* [Required work] Repeat the data in full and exactly. Leave the pictures out.

* [Available data]
● ● ● ●
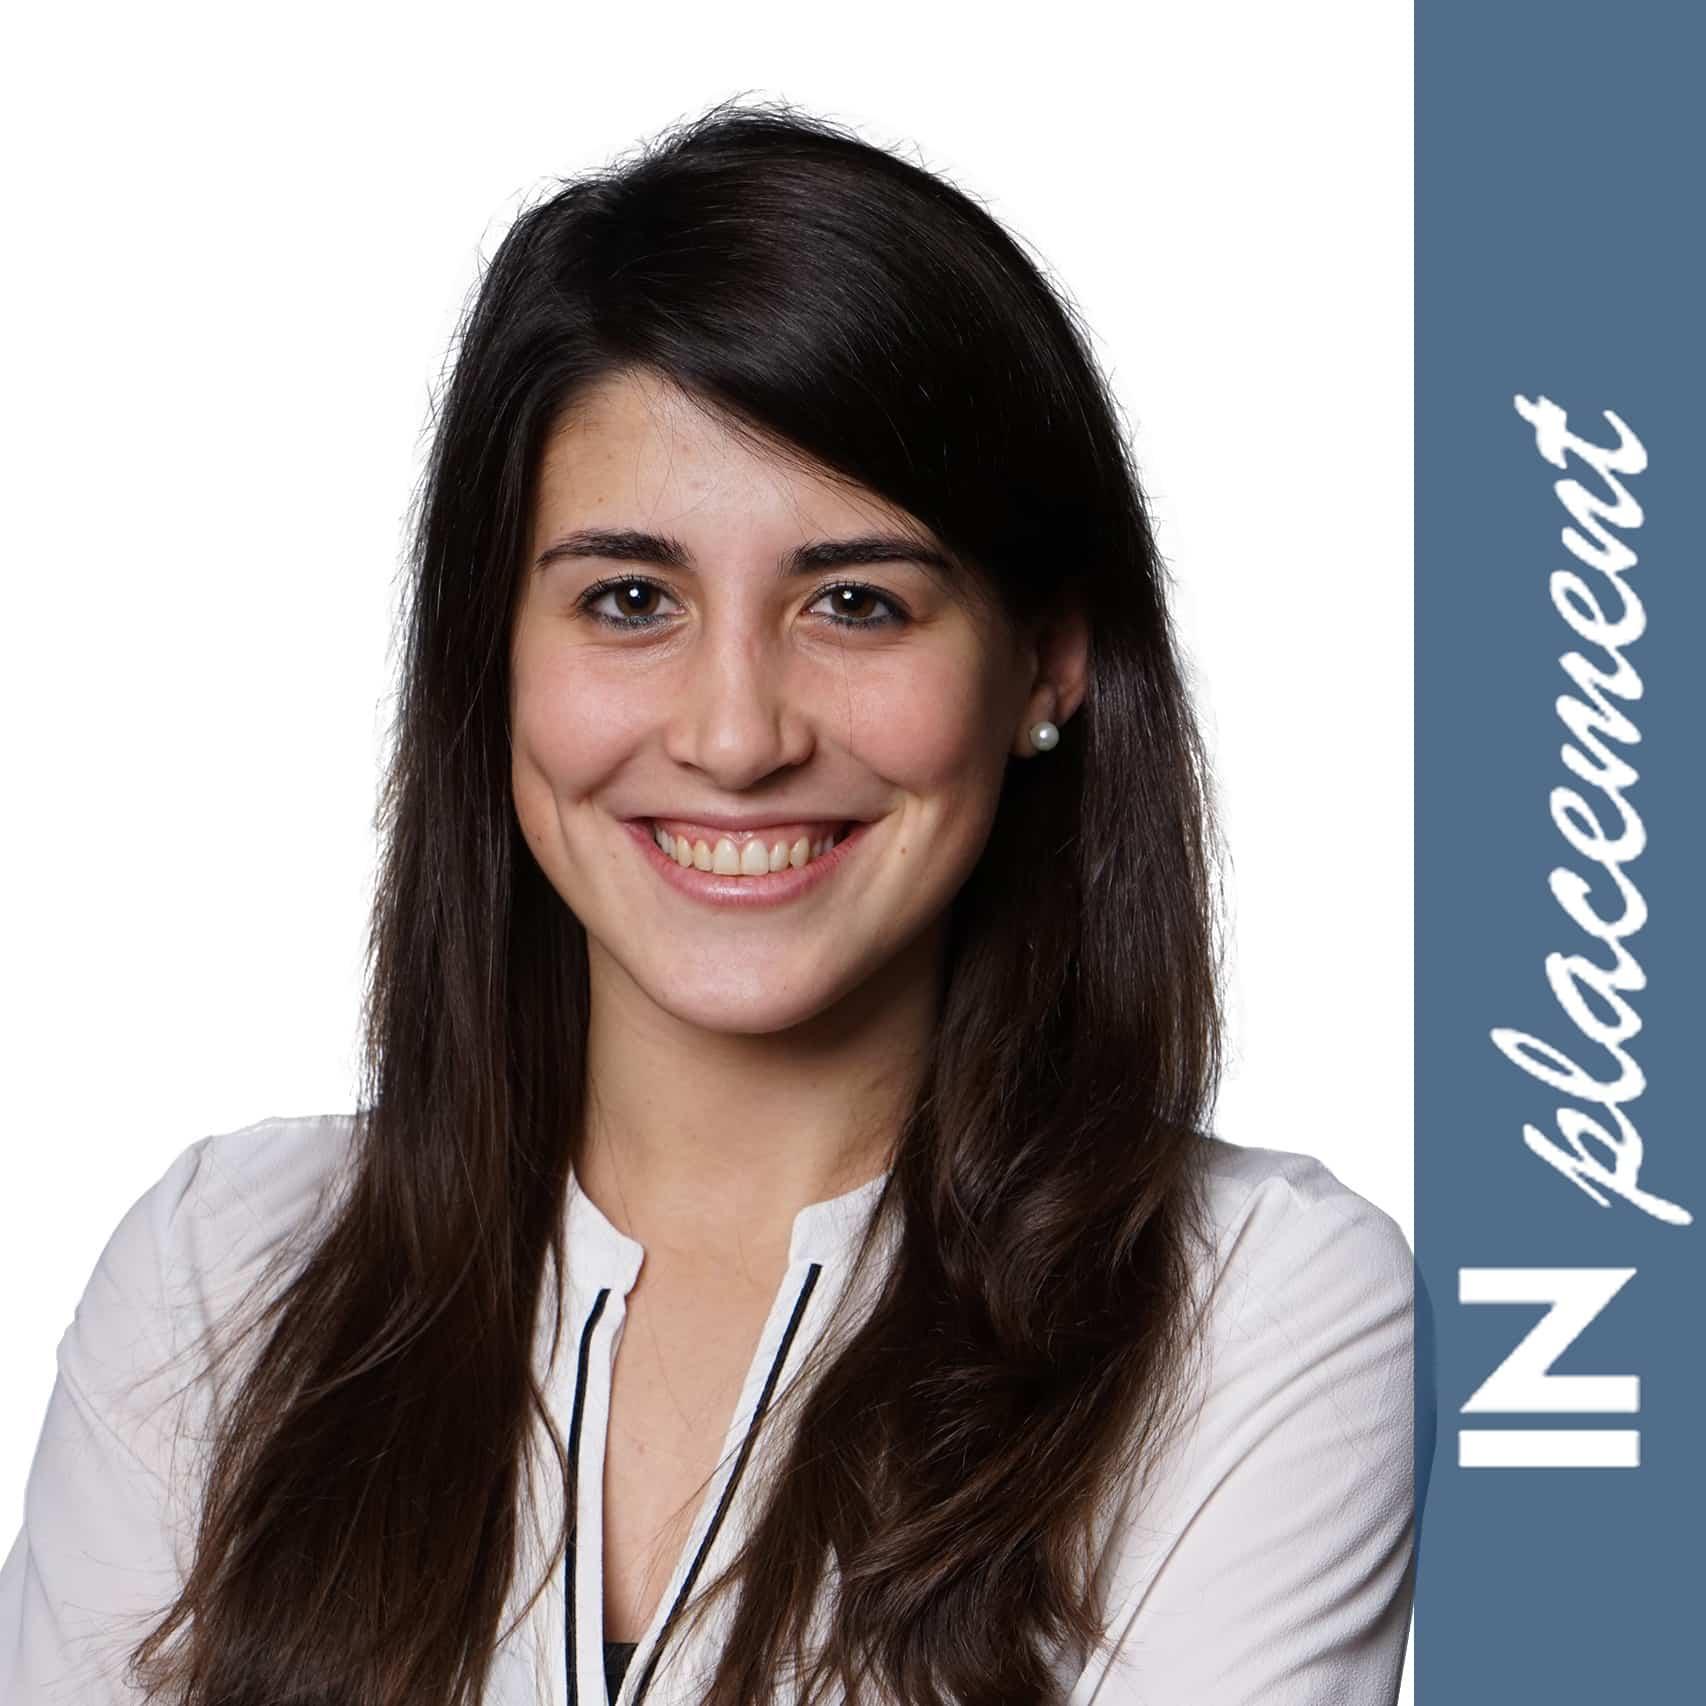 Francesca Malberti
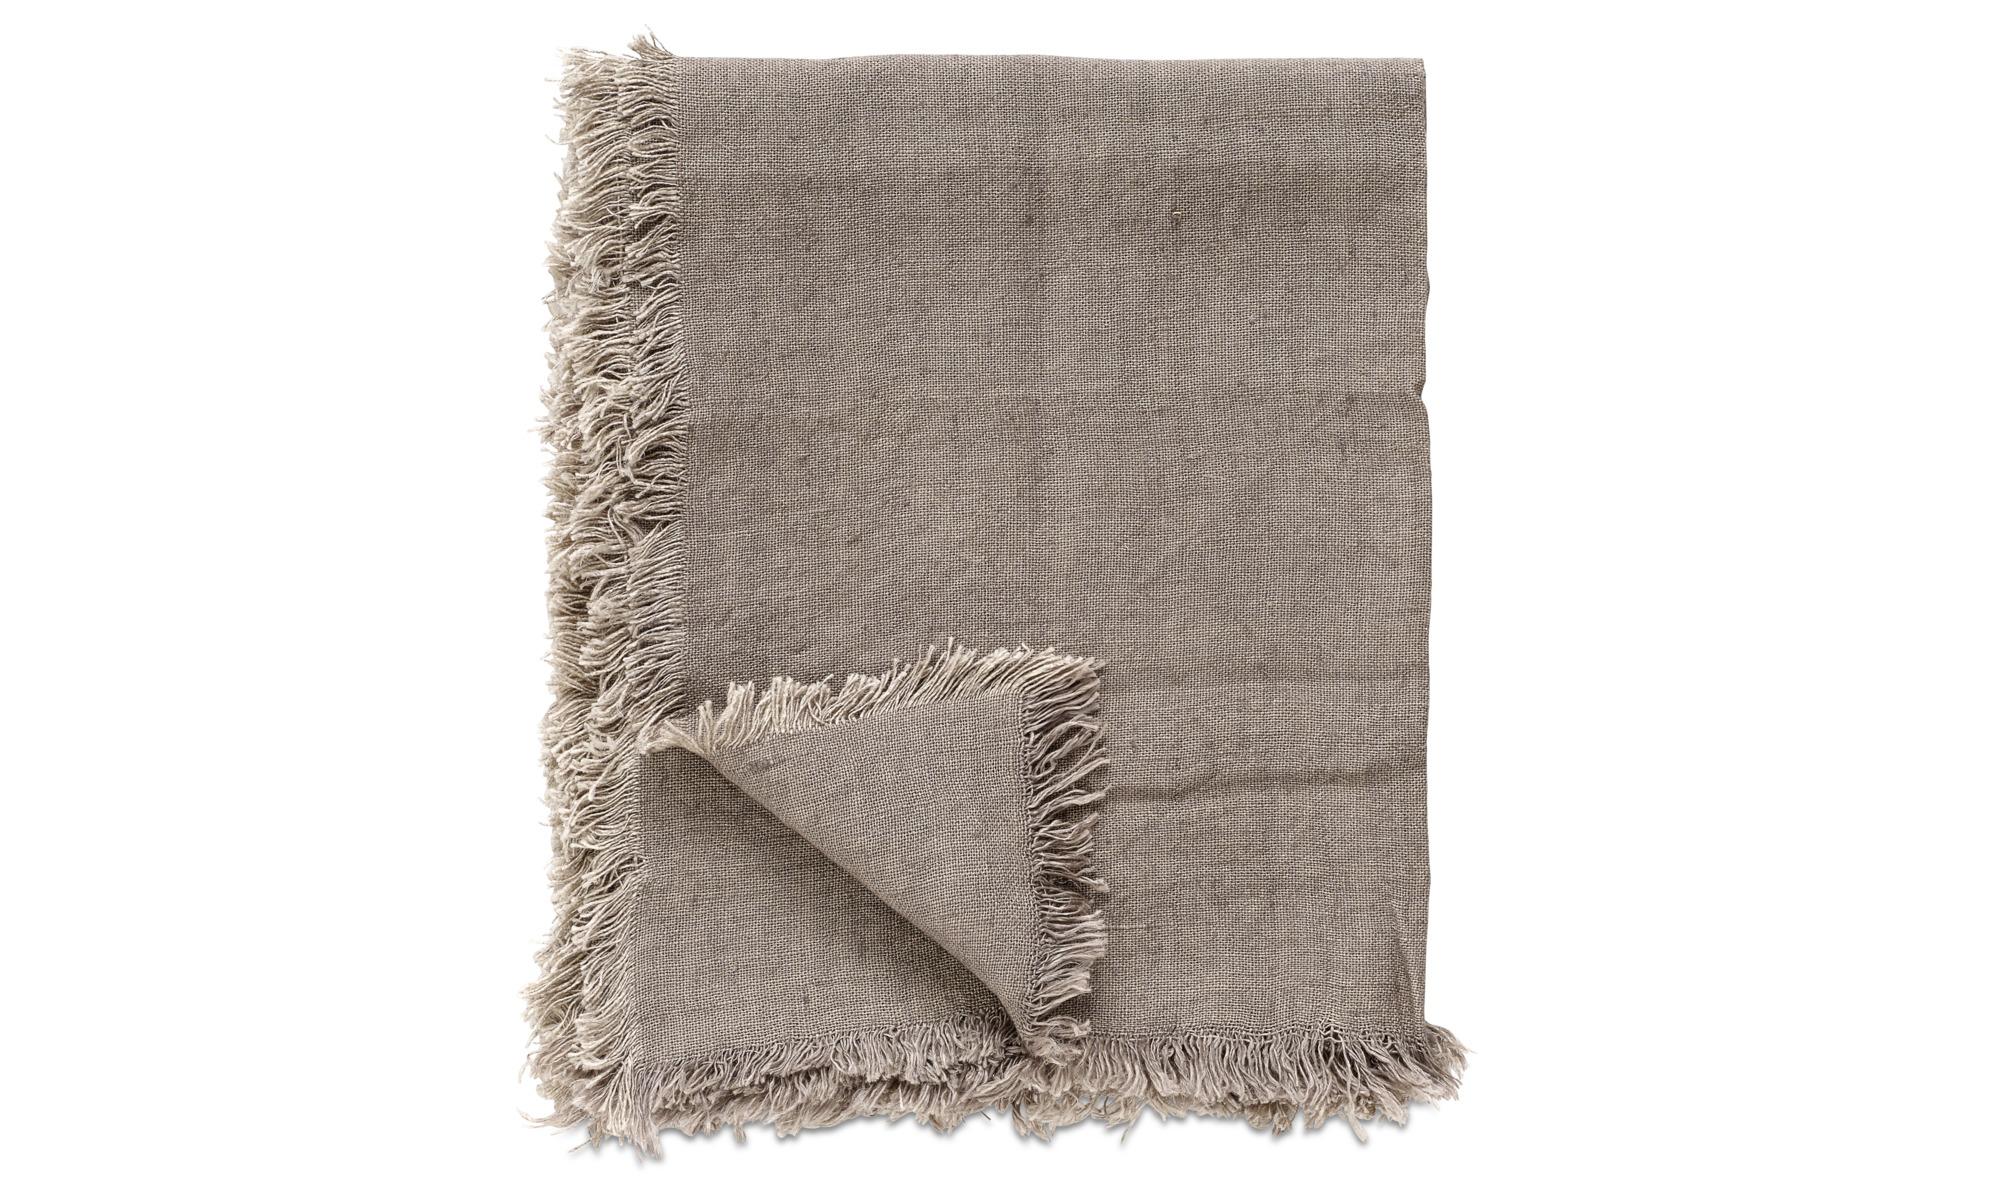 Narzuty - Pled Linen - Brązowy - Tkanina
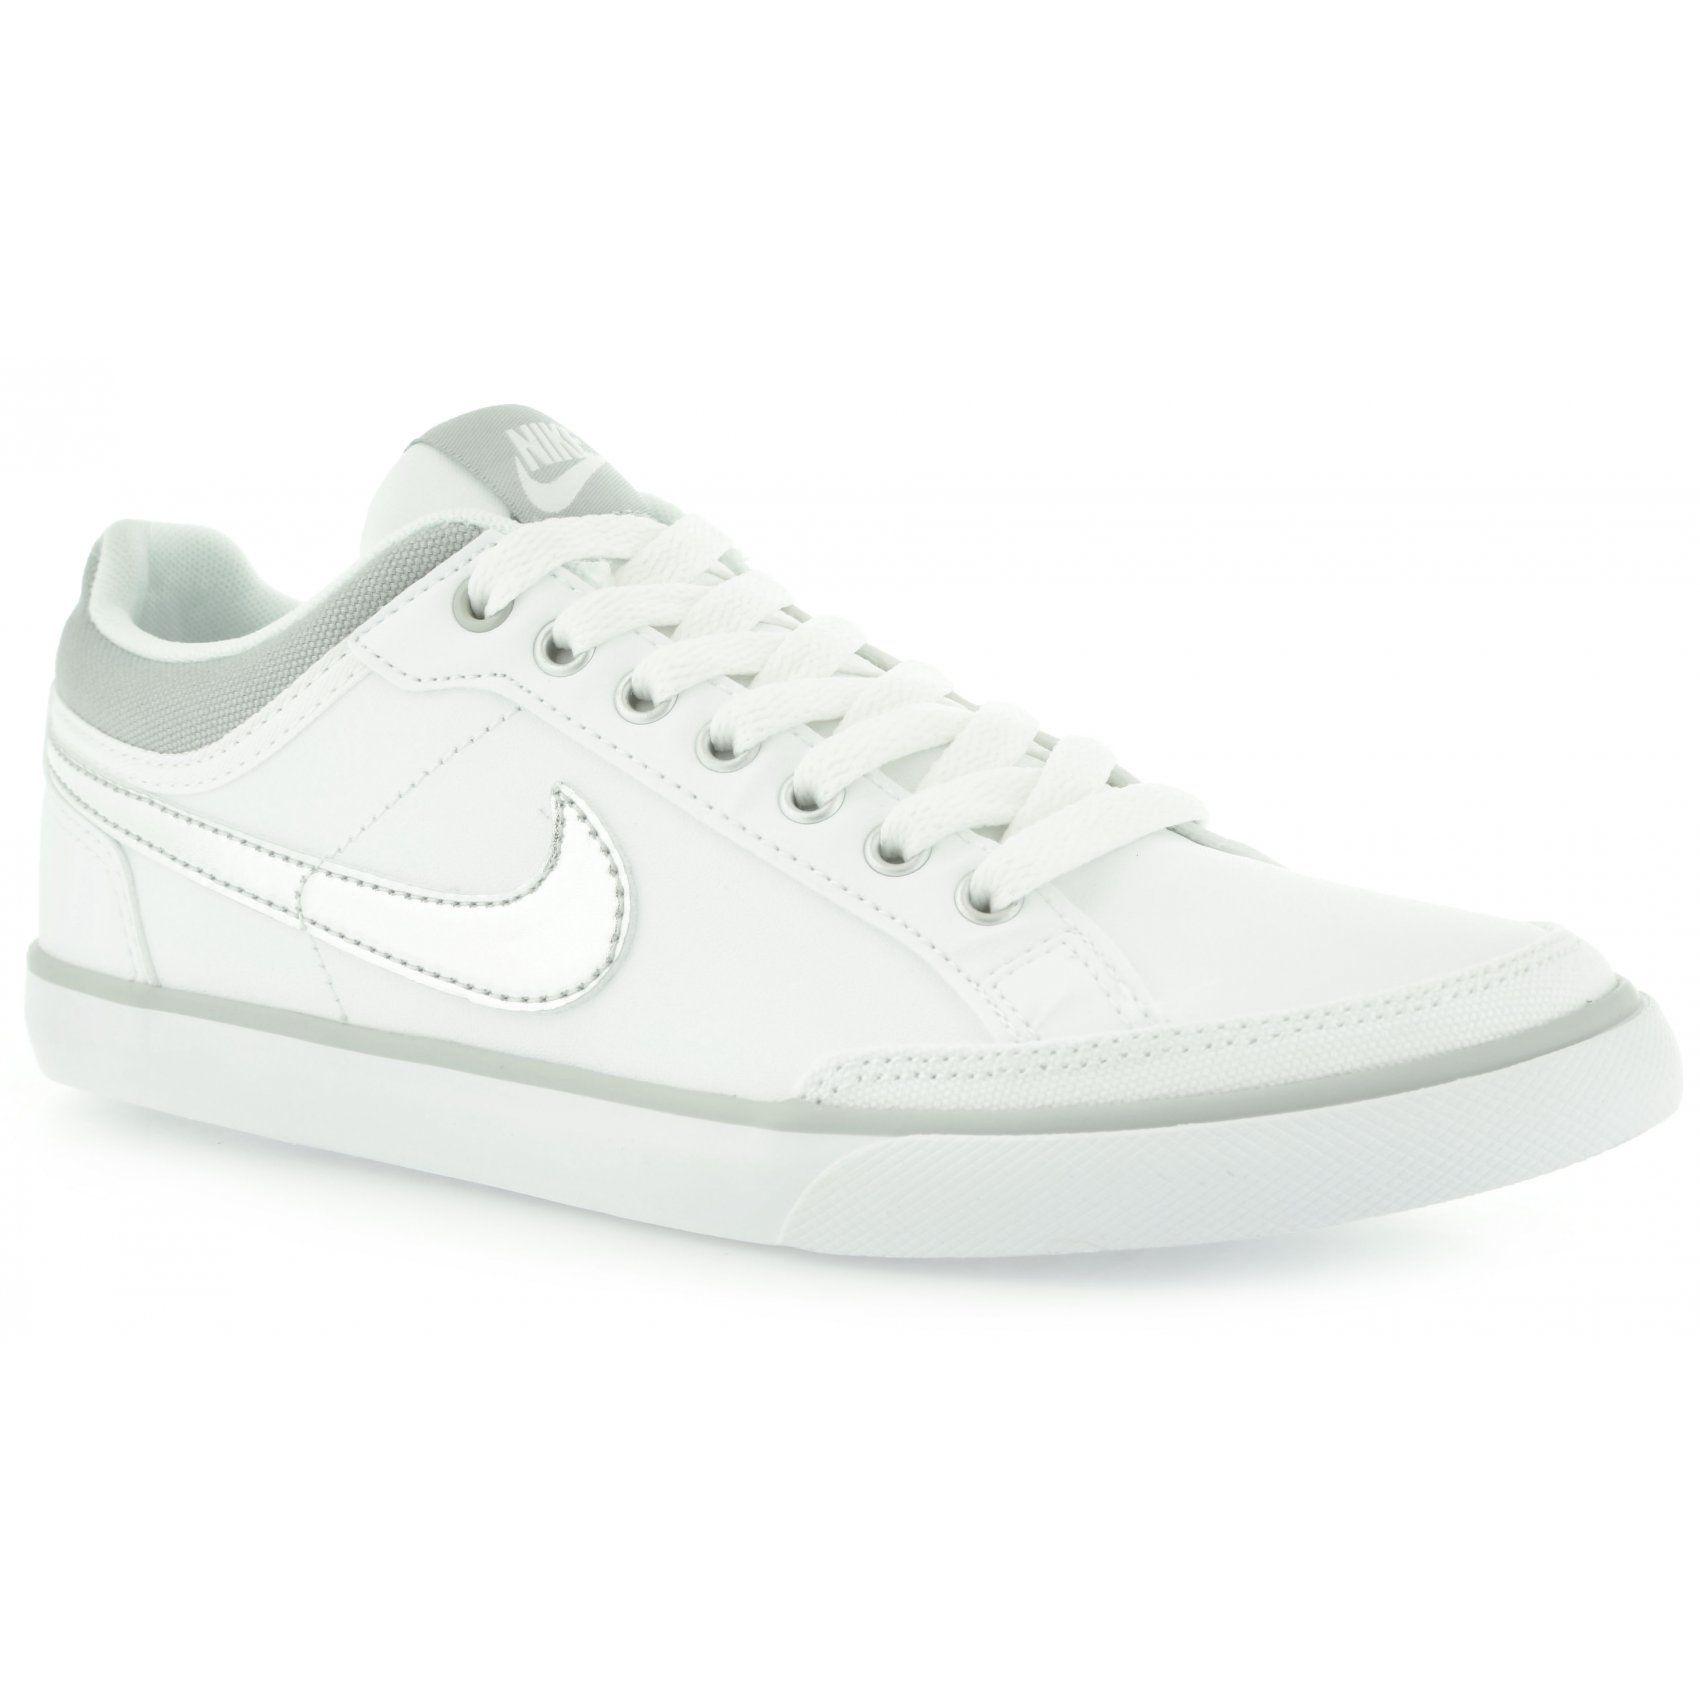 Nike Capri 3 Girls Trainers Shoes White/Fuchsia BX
● ● ● ●
* [Solved exercise]
 Francesca Malberti
 Narzuty - Pled Linen - Brązowy - Tkanina
 Nike Capri 3 Girls Trainers Shoes White/Fuchsia BX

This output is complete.